Exercise instructions: Starting with the line that holds "КурткаКуртки, пальто, ветровки<br>Стильный", repeat each line through the last one below, exactly. Pictures stay out.

Information supplied:
__________________________________________________

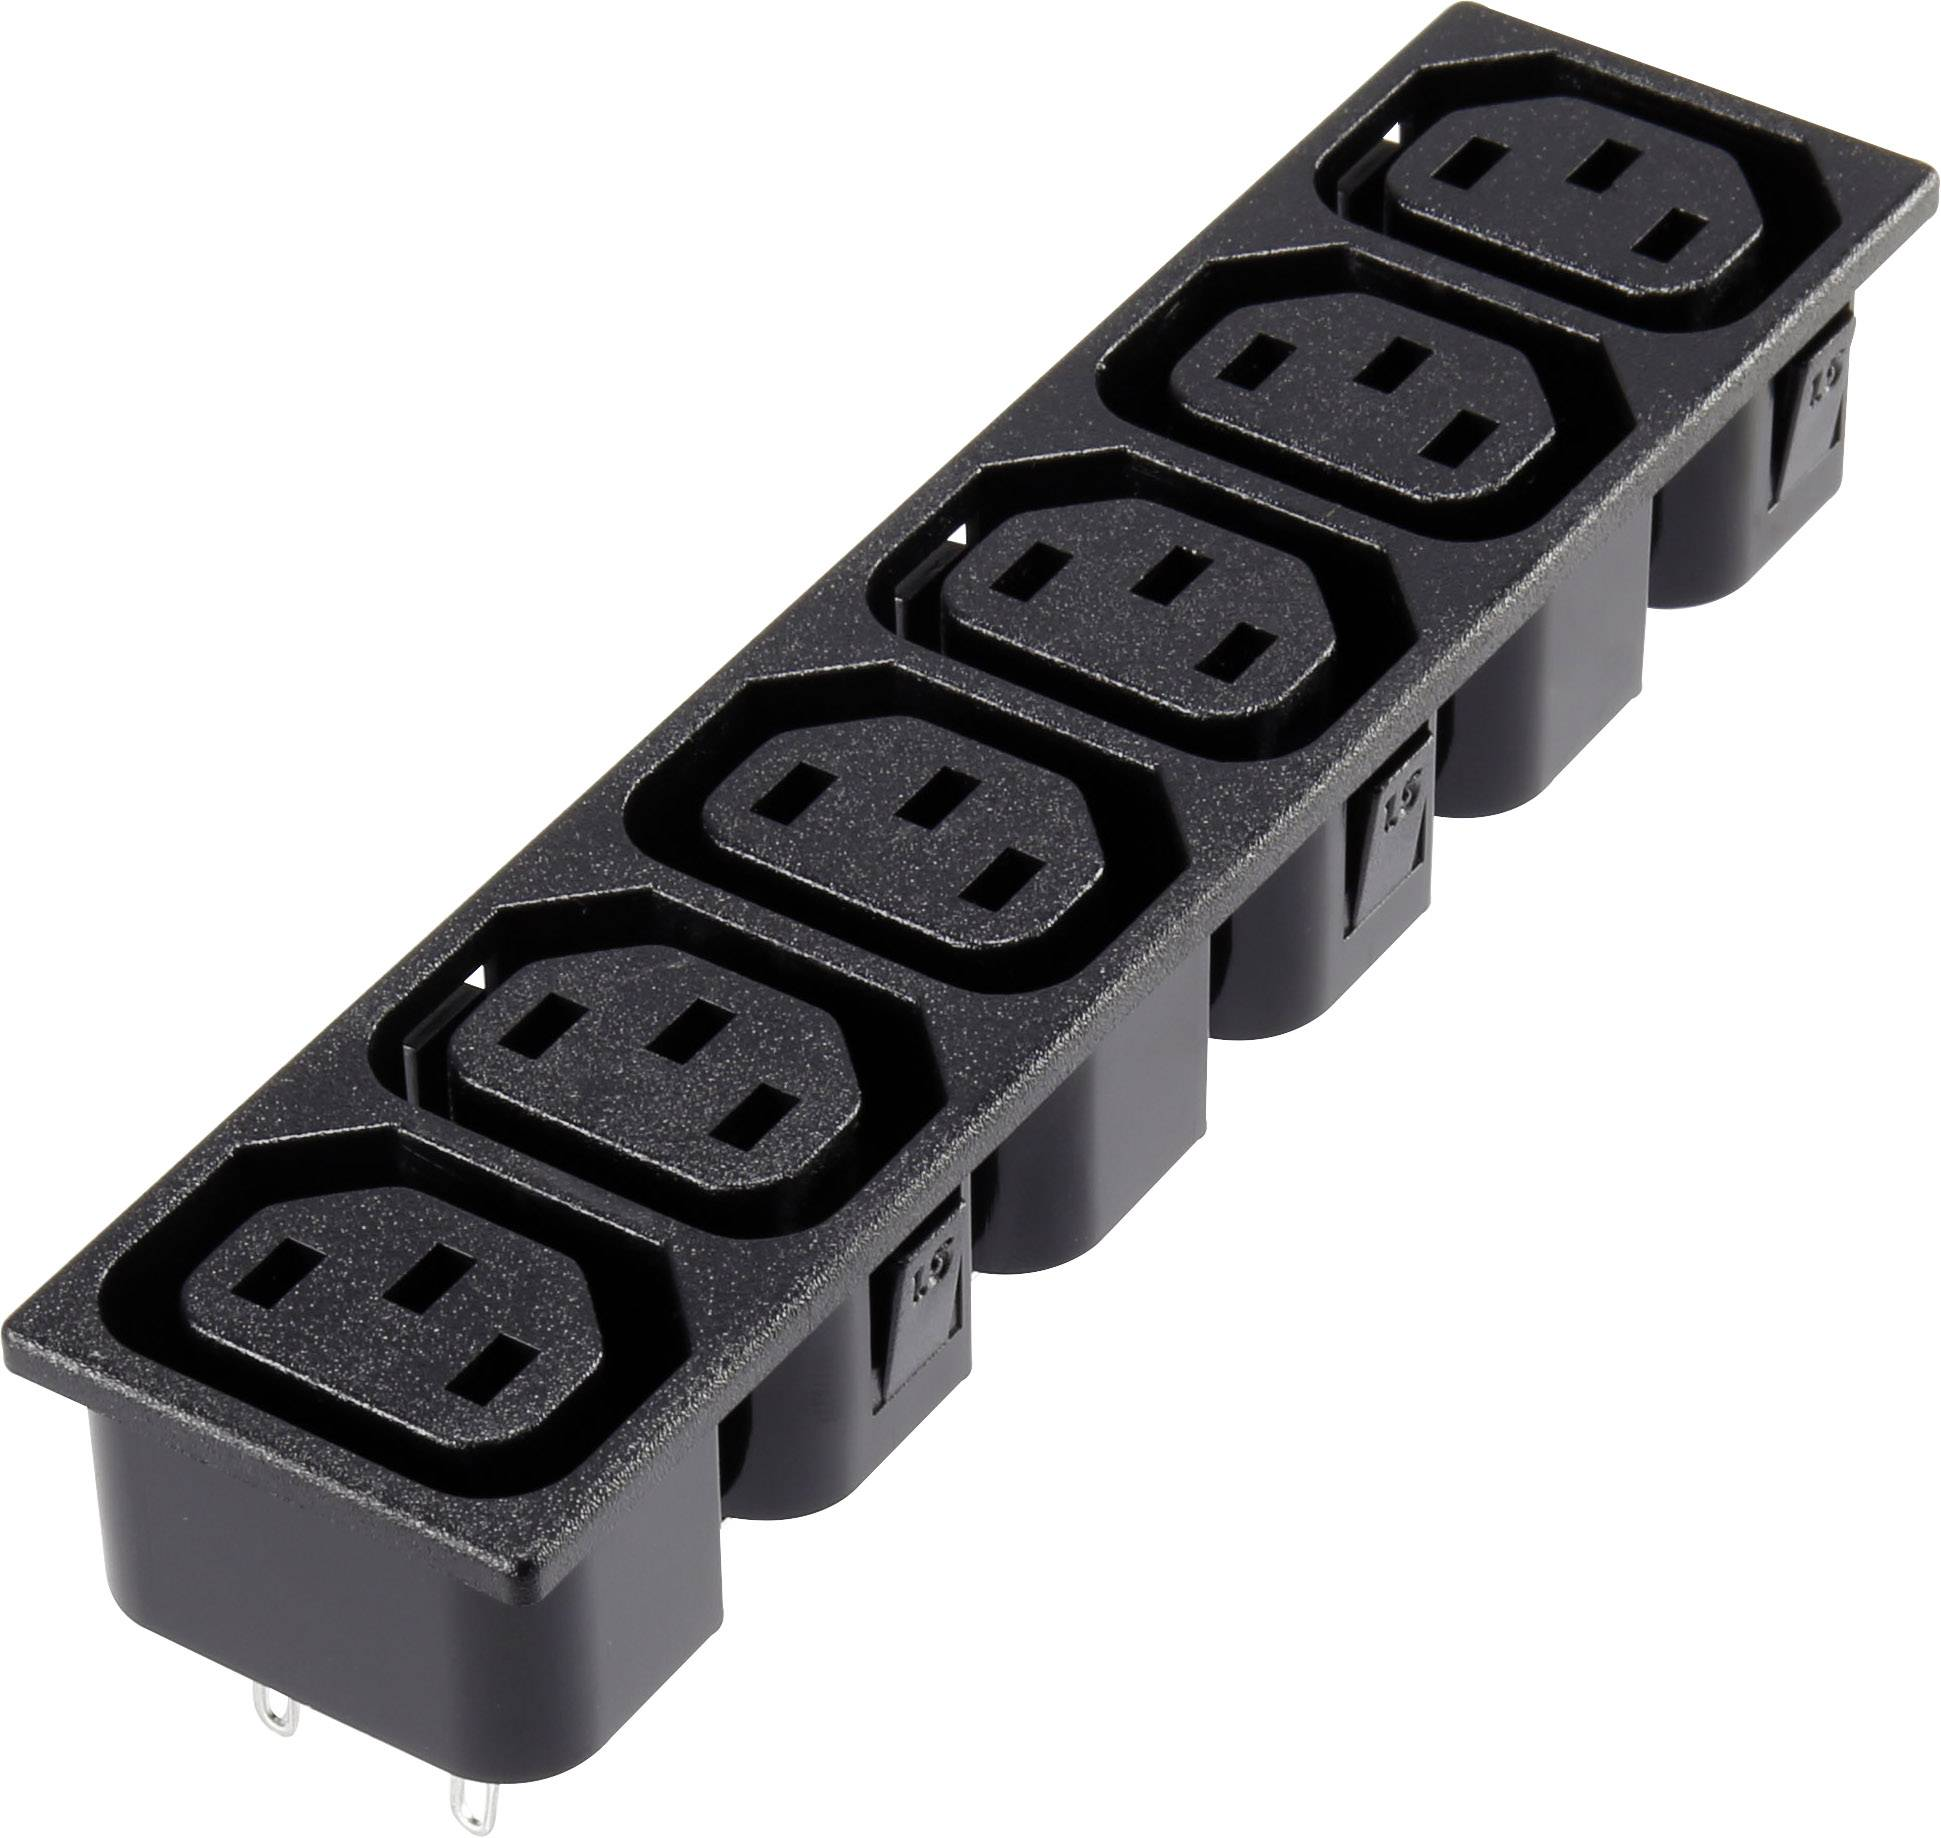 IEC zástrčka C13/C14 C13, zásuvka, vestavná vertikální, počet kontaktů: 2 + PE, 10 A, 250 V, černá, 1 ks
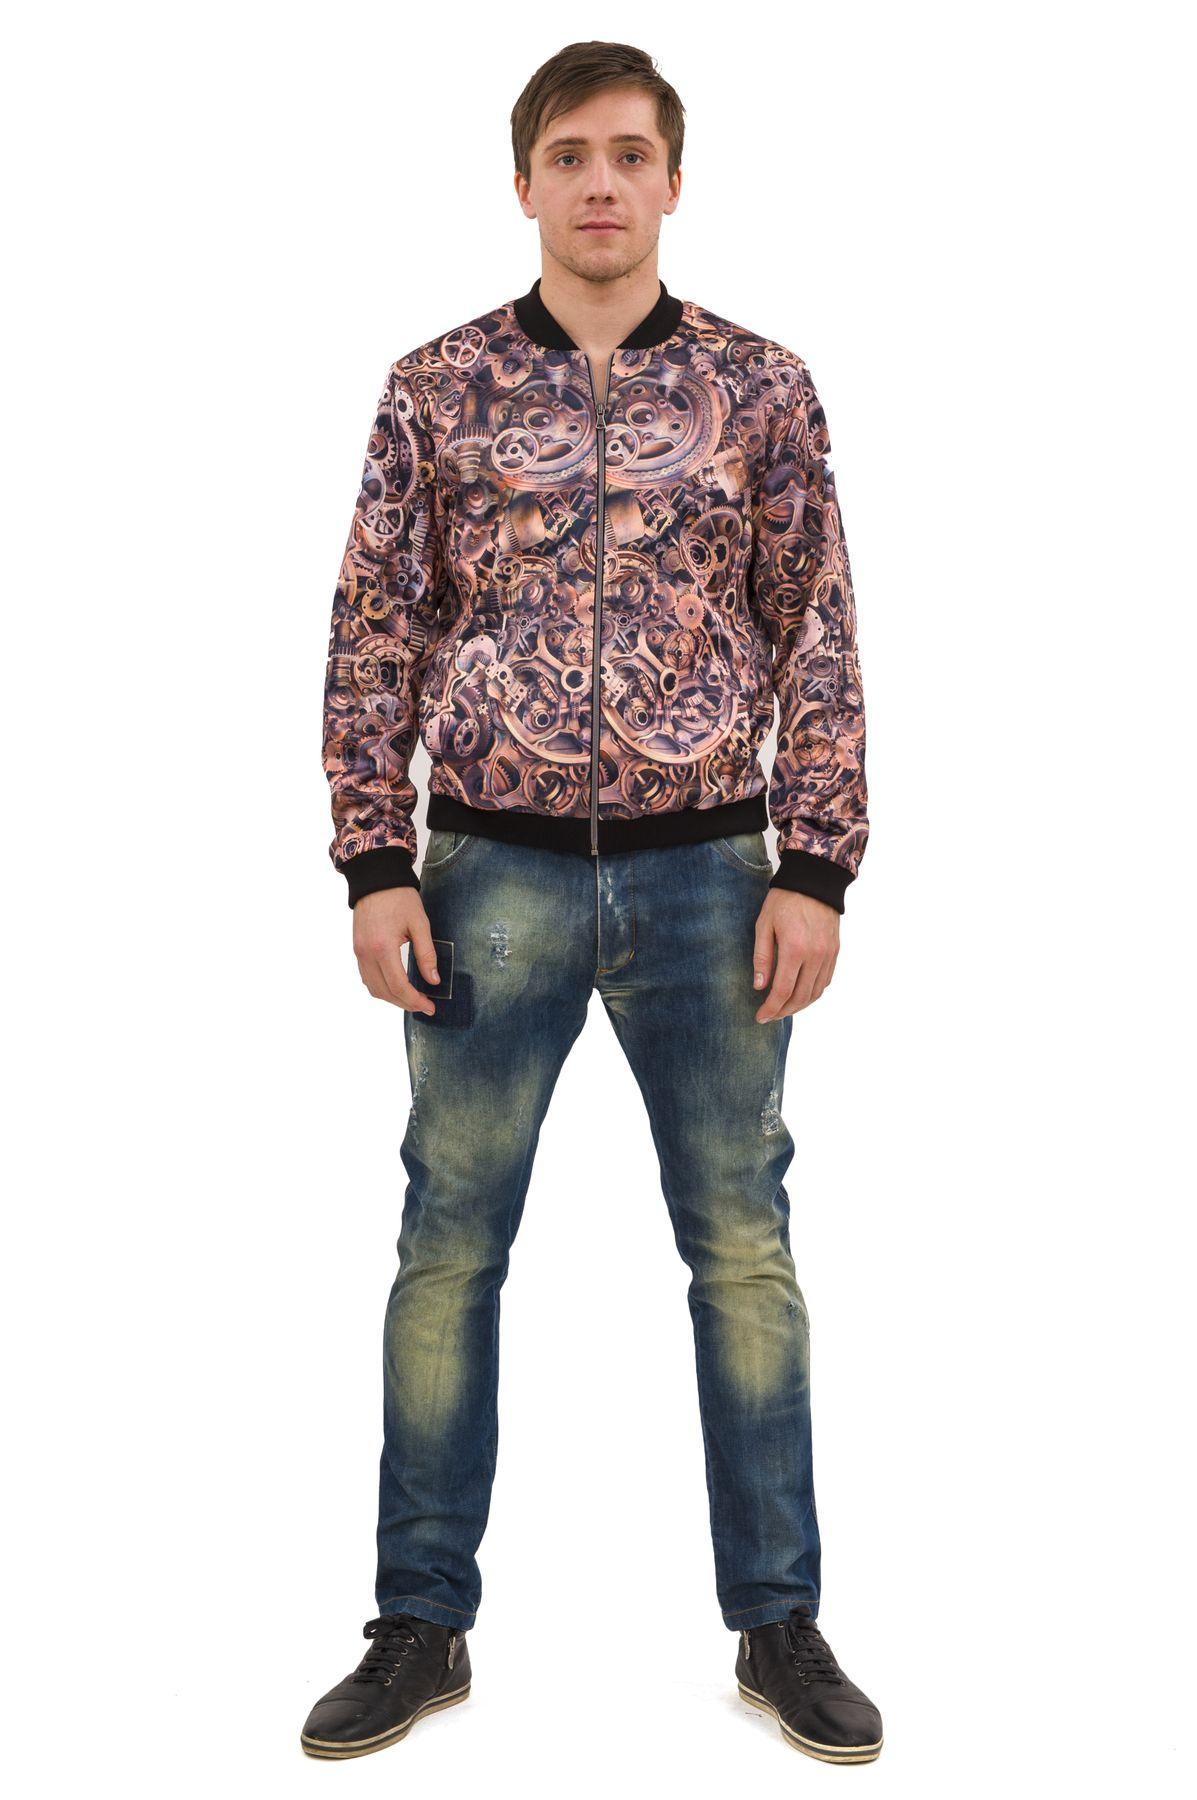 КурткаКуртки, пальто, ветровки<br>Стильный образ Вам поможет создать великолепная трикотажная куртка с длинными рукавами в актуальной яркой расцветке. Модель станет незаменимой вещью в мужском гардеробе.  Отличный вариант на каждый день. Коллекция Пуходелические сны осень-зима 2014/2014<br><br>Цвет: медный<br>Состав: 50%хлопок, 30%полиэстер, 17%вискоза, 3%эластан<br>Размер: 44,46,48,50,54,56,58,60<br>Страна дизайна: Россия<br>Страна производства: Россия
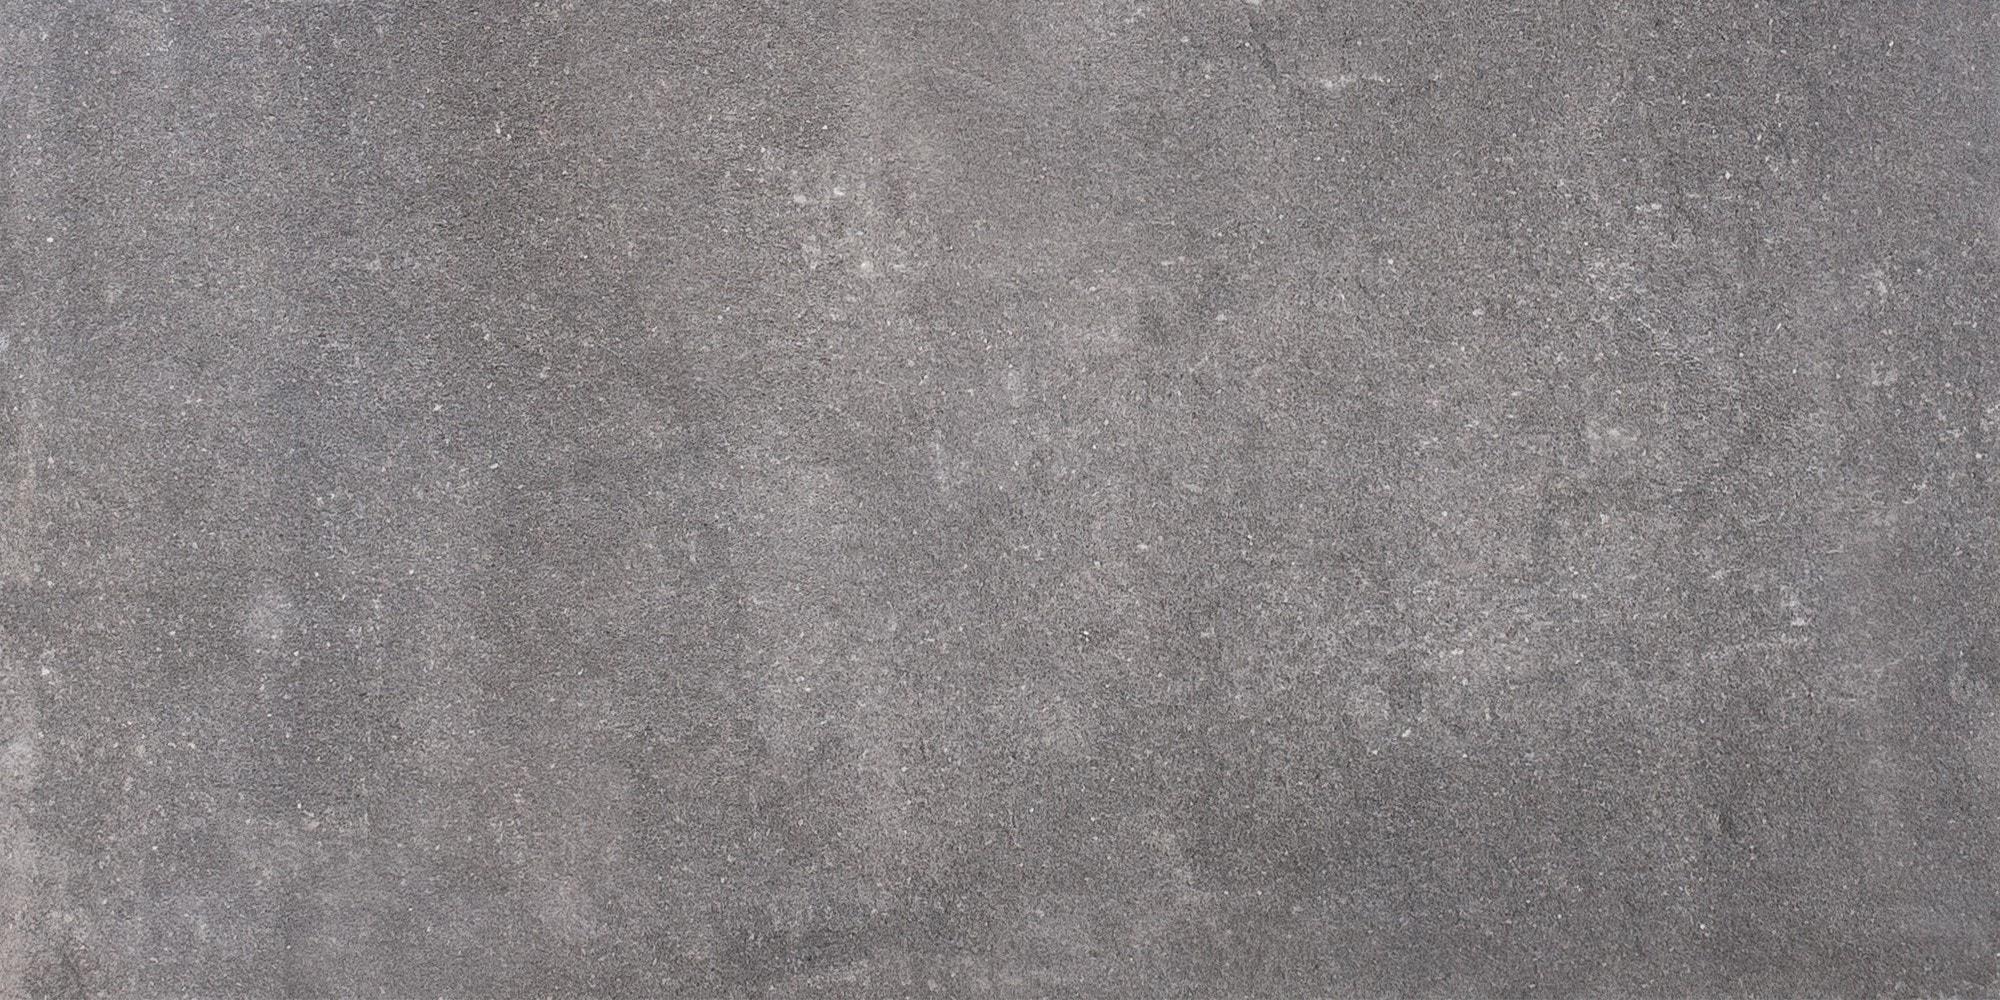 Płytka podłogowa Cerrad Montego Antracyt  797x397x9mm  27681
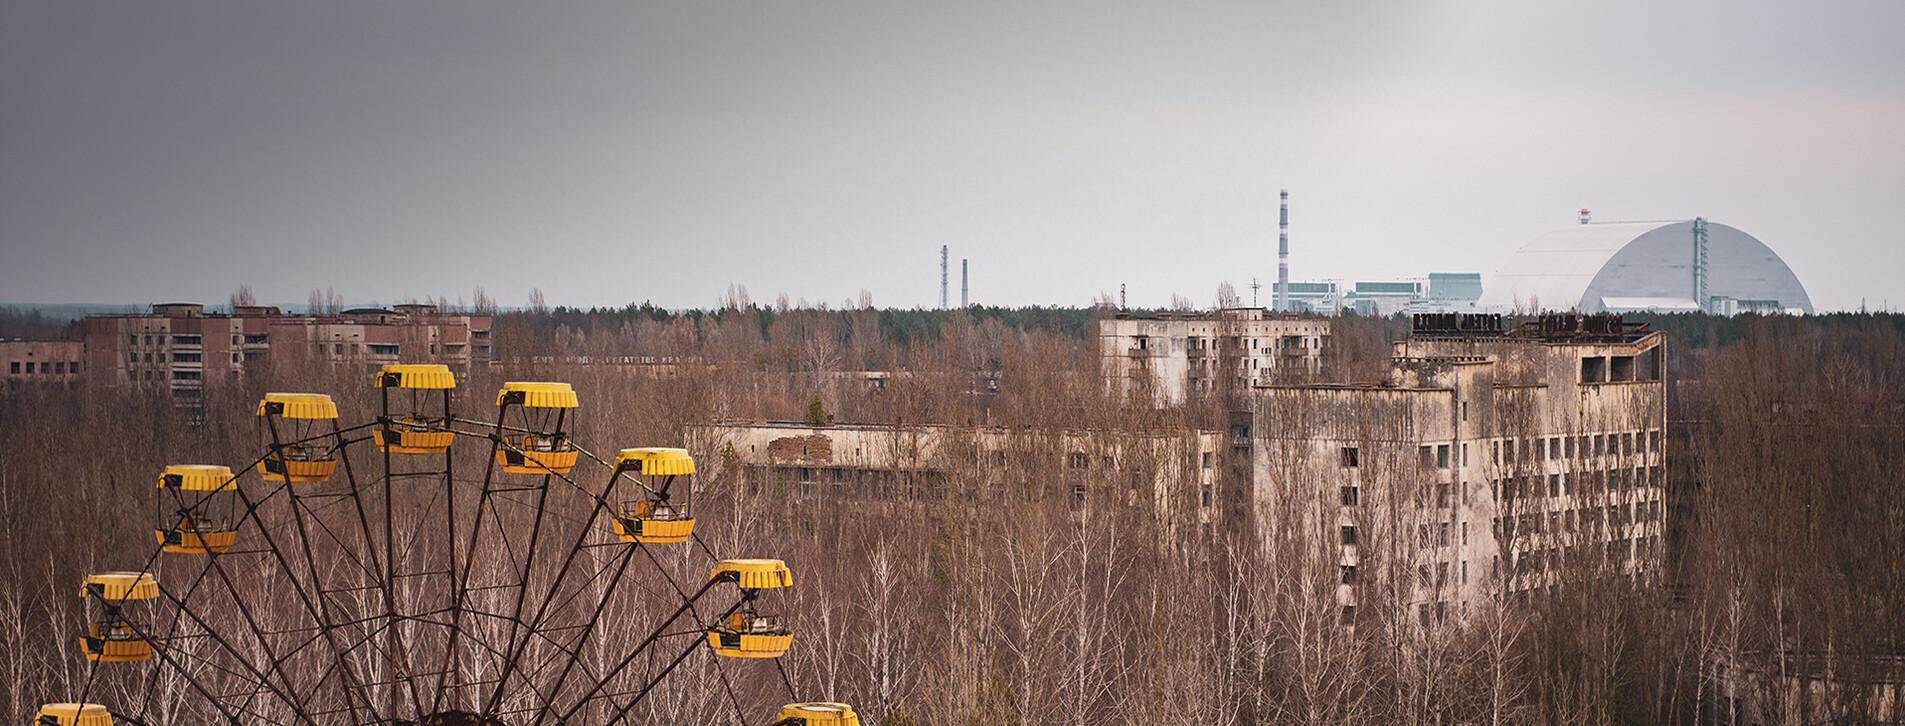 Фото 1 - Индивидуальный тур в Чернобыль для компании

__________________________________________________

Answer to this problem:
 КурткаКуртки, пальто, ветровки<br>Стильный образ Вам поможет создать великолепная трикотажная куртка с длинными рукавами в актуальной яркой расцветке. Модель станет незаменимой вещью в мужском гардеробе.  Отличный вариант на каждый день. Коллекция Пуходелические сны осень-зима 2014/2014<br><br>Цвет: медный<br>Состав: 50%хлопок, 30%полиэстер, 17%вискоза, 3%эластан<br>Размер: 44,46,48,50,54,56,58,60<br>Страна дизайна: Россия<br>Страна производства: Россия
 Płytka podłogowa Cerrad Montego Antracyt  797x397x9mm  27681
 Фото 1 - Индивидуальный тур в Чернобыль для компании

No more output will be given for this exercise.